Severino Francisco
postado em 07/04/2010 08:38
Os que apreciam o voo livre do ensaio têm um endereço certo para encontrar surpresas: a revista Serrote, publicada pelo Instituto Moreira Salles. O número 4 da revista será lançado, hoje, a partir das 20h, na Livraria Cultura (CasaPark Shopping), com a participação de Matinas Suzuki, um dos editores da Serrote e coordenador da coleção Jornalismo Literário, da Companhia das Letras, Daniel Galera, escritor, e Heloisa Esspada, pesquisadora, crítica de artes e coordenadora do setor de artes visuais do Instituto Moreira Salles.

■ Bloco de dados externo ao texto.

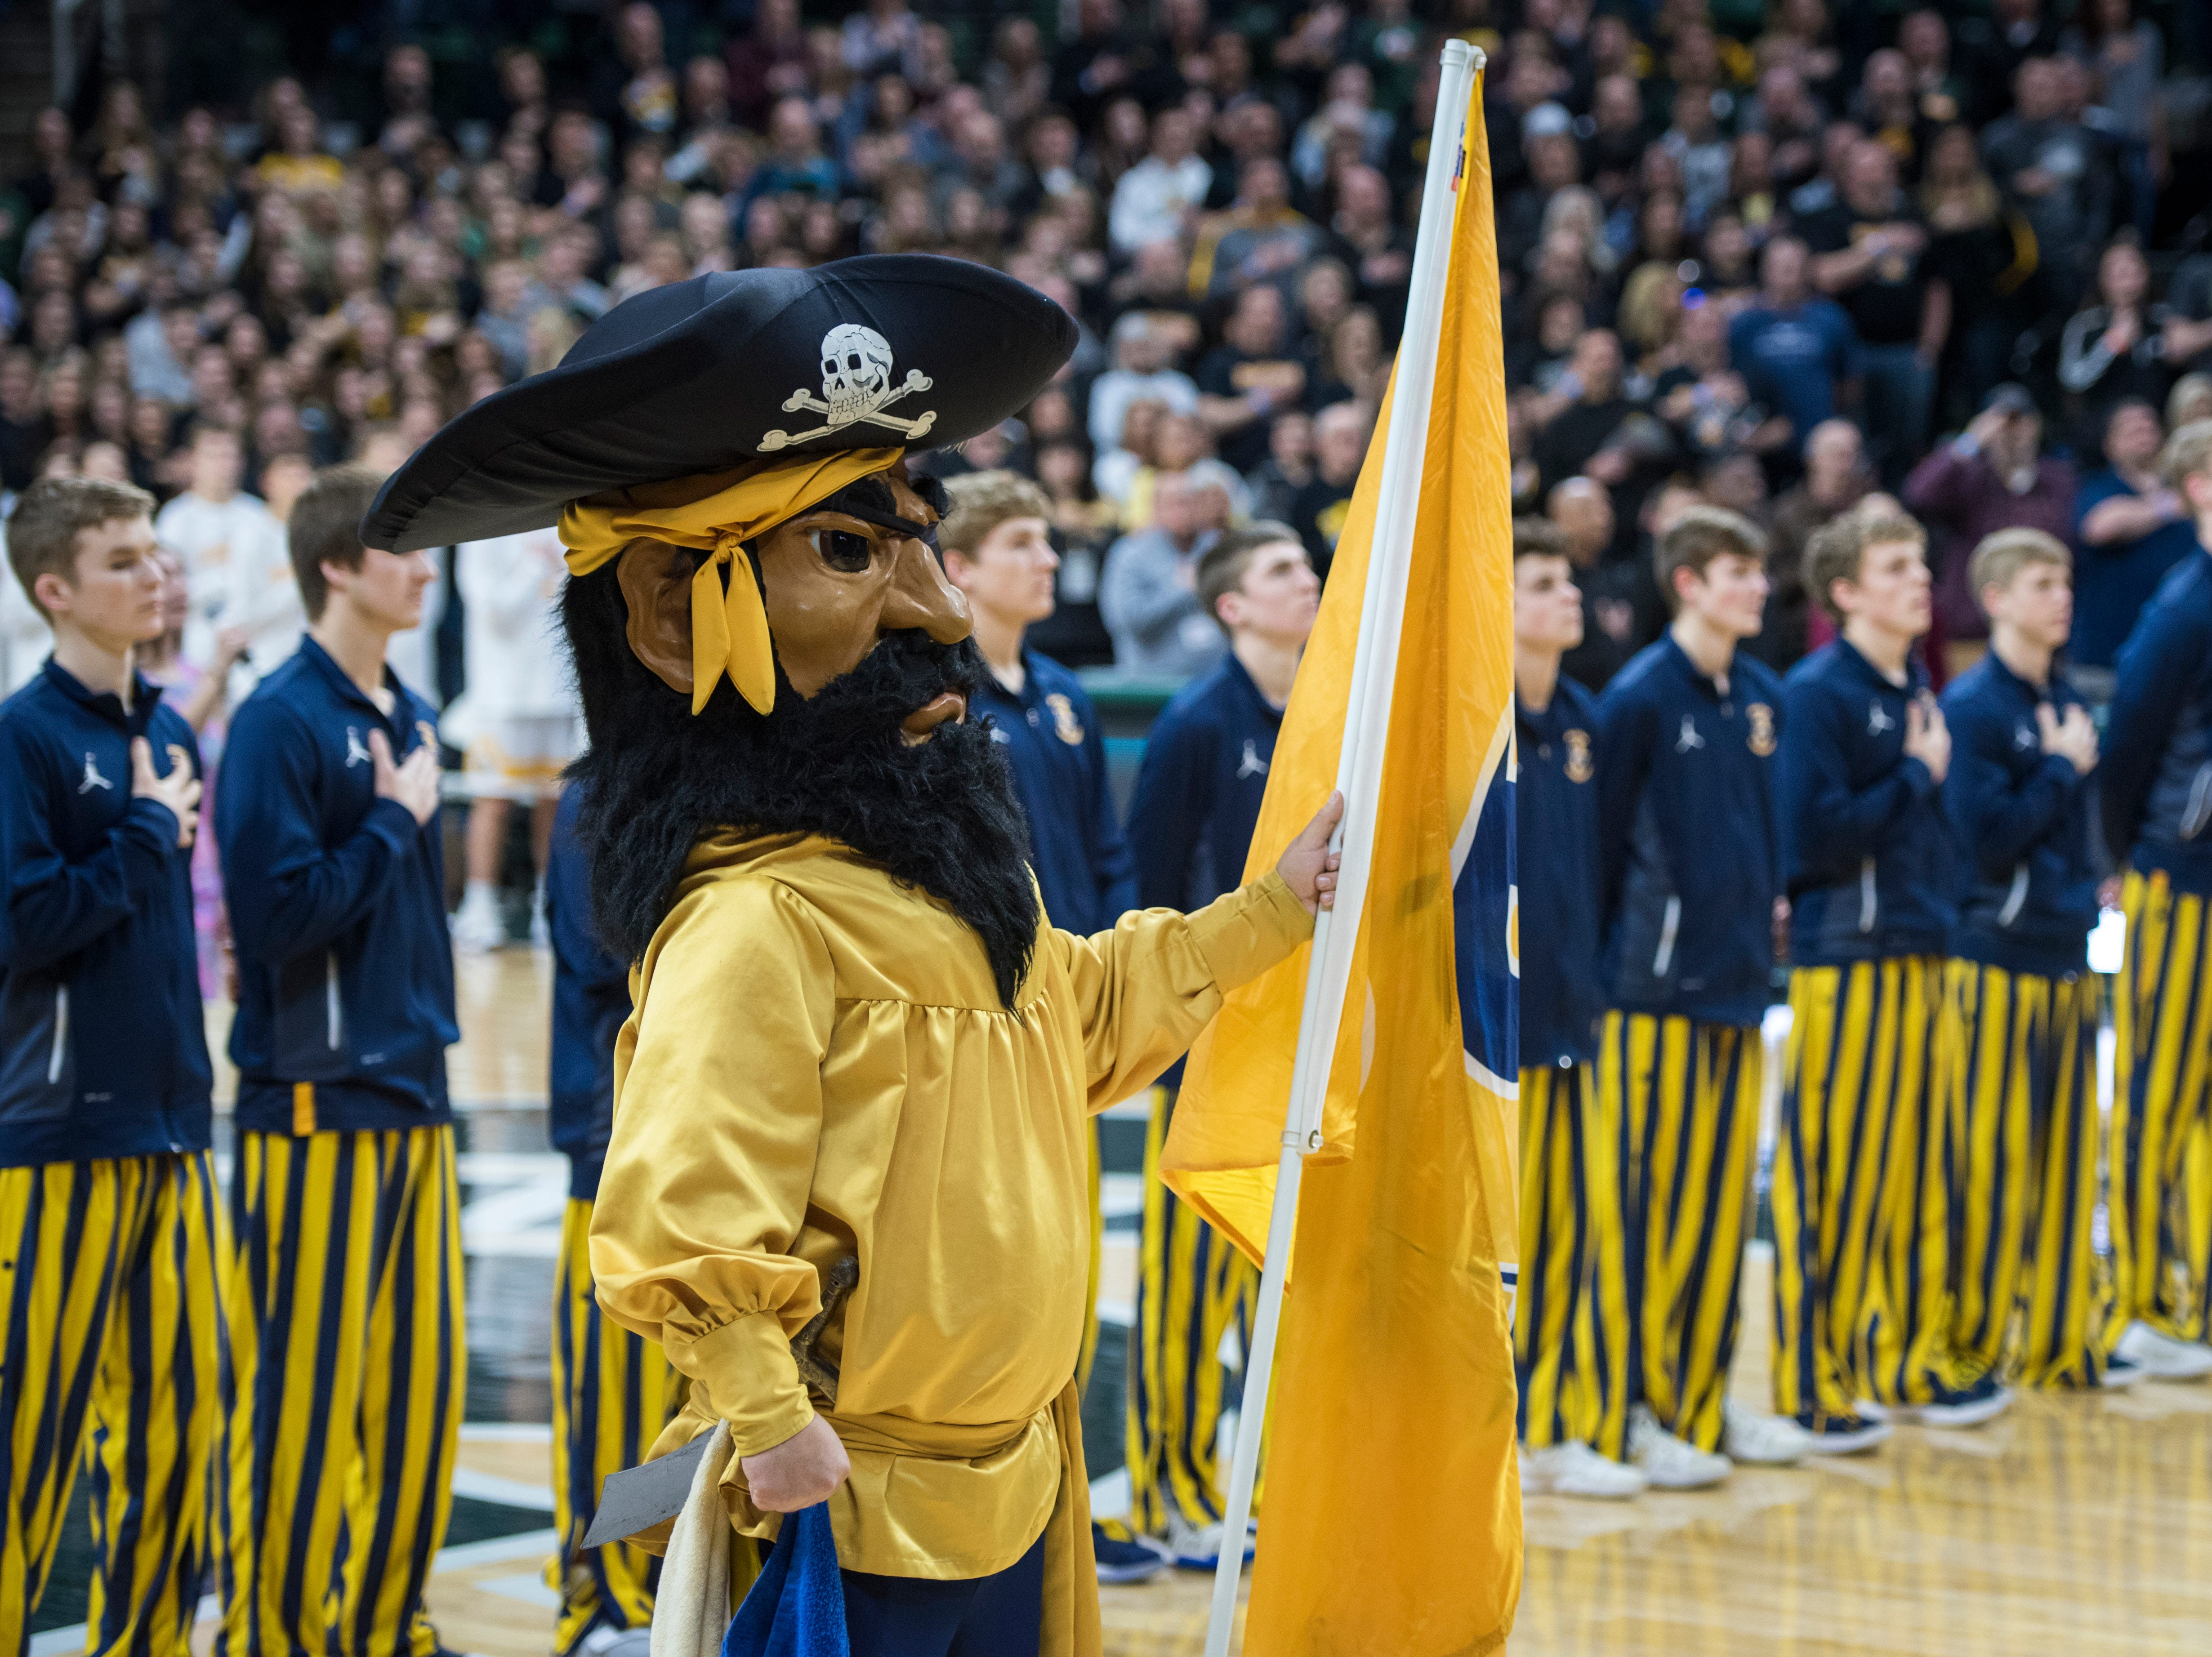 Pewamo-Westphalia's mascot observes the national anthem before the game.

O número 4 da revista brinda o aniversário de 50 anos de Brasília com um belo ensaio de imagens do fotógrafo alemão Peter Scheier (1908-1979), que chegou ao Brasil em 1937, foragido do nazismo. Ele andou por aqui, em 1958 e 1960, quando a cidade era um esqueleto da capital moderna, tomado pelas construções improvisadas de madeira. Scheier publicou, em 1960, o livro Brasília Vive, com as imagens tiradas em suas viagens brasilianas. O interessante é que em vez de colocar a arquitetura em primeiro plano, ele prefere mirar suas lentes nos brasilienses, extraindo imagens líricas, dramáticas e delicadas, com algo de uma cena de filme do neorrealismo italiano.
Scheier subverte a lógica da cidade dominada pelos monumentos e mostra gente passeando pelas ruelas do Núcleo Bandeirante com seus barracos de cidade cenográfica de faroeste americano, o alvoroço em um supermercado ou crianças (indo ou vindo) para a escola sob o fundo de uma parede de concreto e de um edifício em construção.
O Instituto Moreira Salles comprou, no ano passado, todo o acervo de imagens produzidas por Scheier no Brasil. Além de Scheier, o número 4 de Serrote traz ensaios de Daniel Galera, sobre a experiência de jogar videogame, de Joaquim Kalka, sobre o desaparecimento da moeda, de Guilherme Wisnik e Heloisa Lupinacci, sobre Coney Island, entre outros.
A ideia de criar a revista Serrote nasceu de longas conversas entre o escritor Rodrigo Lacerda, o professor Samuel Titan e os jornalistas Flávio Pinheiro e Matinas Suzuki. Eles detectaram o desaparecimento do texto cultural de mais fôlego na imprensa brasileira, que já fez história com o Suplemento Cultural de O Estado de S. Paulo, nas décadas de 1950 e 1960, o Suplemento Dominical do Jornal do Brasil, na década de 1960, e o Folhetim, da Folha de S. Paulo, nas décadas de 1980 e 1990. A partir daí, eles enfrentaram o desafio de conceber uma publicação que conseguisse contemplar, ao mesmo tempo, o espaço para os novos ensaístas brasileiros e para os estrangeiros essenciais, mas pouco conhecidos: ;A nossa suspeita de que havia gente escrevendo coisas interessantes se revelou correta;, comenta Samuel Titan, um dos editores de Serrote.
A revista Serrote já publicou ensaios de gente de formação tão diversificada quanto o artista plástico Nuno Ramos, o professor Roberto Schwarz, o jornalista Fernando Lins e Silva ou o poeta Francisco Alvim. E quais seriam as características marcantes do novo ensaismo brasileiro? O ensaismo contemporâneo tem tudo para ser o que foi o clássico de Sérgio Buarque de Holanda, Gilberto Freyre ou Mario de Andrade, responde Samuel. É um lugar para se descobrir ou introduzir temas novoss: ;O Sérgio e o Gilberto usavam o ensaio para criar balões de ensaio, que depois poderiam se tornar temas dominantes. Mas, por mais diferentes que eles fossem, tinham um ar de família. O que caracteriza o ensaio contemporâneo é a surpresa. Convidamos o Daniel Galera e ele escreveu sobre a experiência de jogar videogame. O desafio do tipo de ensaio que estamos cultivando na revista Serrote, e que chamaria de ensaio público, é o de transitar entre a atualidade, a imprensa, o rigor acadêmico e a criação artística mais viva. Cultivar esse tipo de ensaio é um desafio muito grande. É só para os corajosos;.